I should have known there would be a rapid deterioration from here: therapist hiding behind an opaque veneer; eyes slip-sliding – mentally absent, disinterested in me; subsequent drawing consequently traumatic, submerged beneath layers of ink: shop assistants attacking, pedestrians snapping, the tube packed… Only the ‘should’ I ought to have been aware of was in hiding and I wasn’t aware of anything until afternoon turned up.

Black and blue from too much walking, talking to myself, I wander and search, visiting every known bolt-hole for a place to write. Gradually conceding, giving up; admitting defeat…

Hours later – slipping limply into a dark interior, bedraggled and worn out – I borrow a chair and invest in two cups; one’s cold and disastrous, the other’s delightful and hot.

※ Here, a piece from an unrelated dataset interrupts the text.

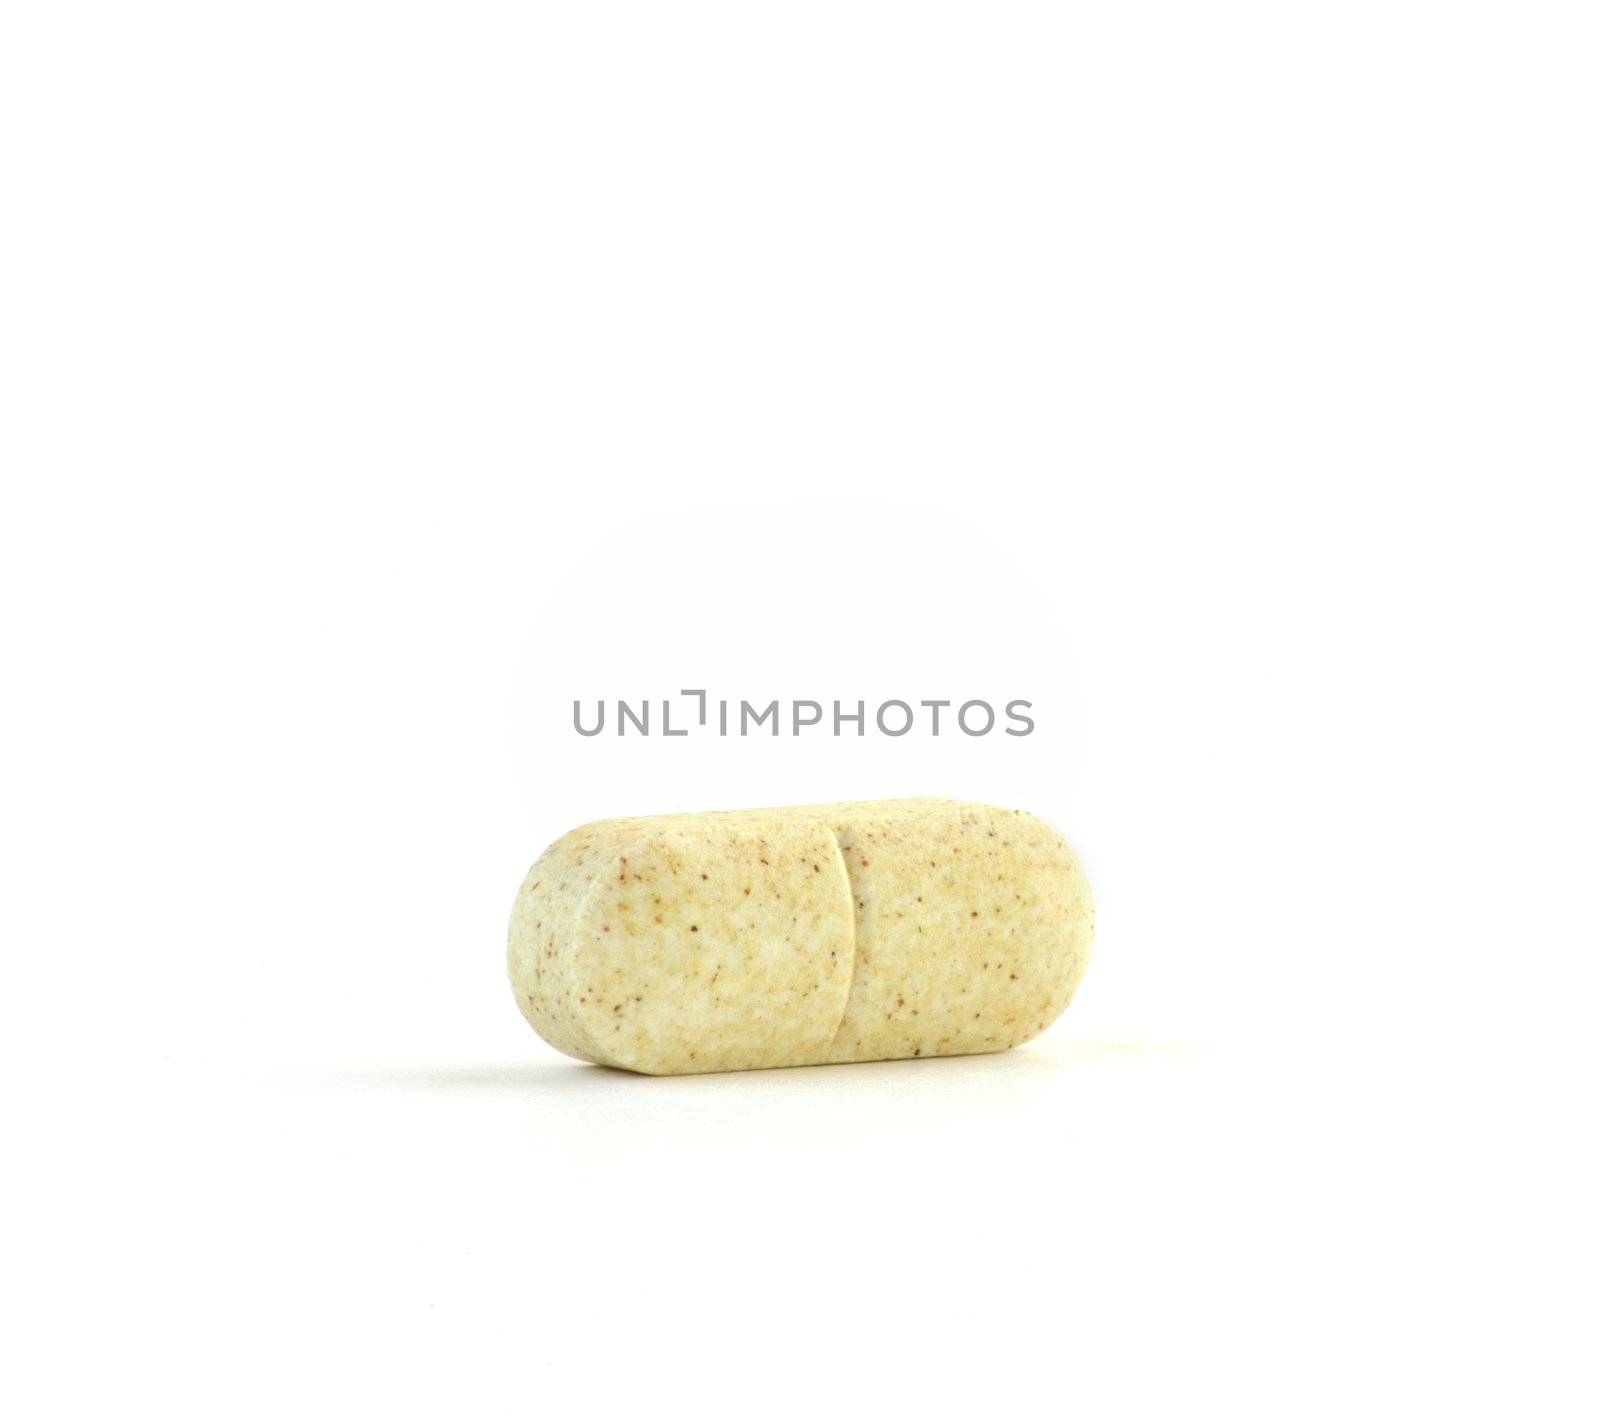 Speckled Vitamin C Tablet Isolated Against a Pure White Background

A failed attempt at writing, and I reach into my bag, realising there is nothing for it but to bring the ‘thing’ out. Twisted and tangled, it’s grumpy and upset, anxious to be loved and lonesome without it.

Ballpoint braced, I revisit the page: pen dancing and glancing, mind whirring and incurring, repeating the lines I earlier, under intimidation, made.

A girl appears: unhappy, young; hair streaming, eyes leaking, mouth a crooked O.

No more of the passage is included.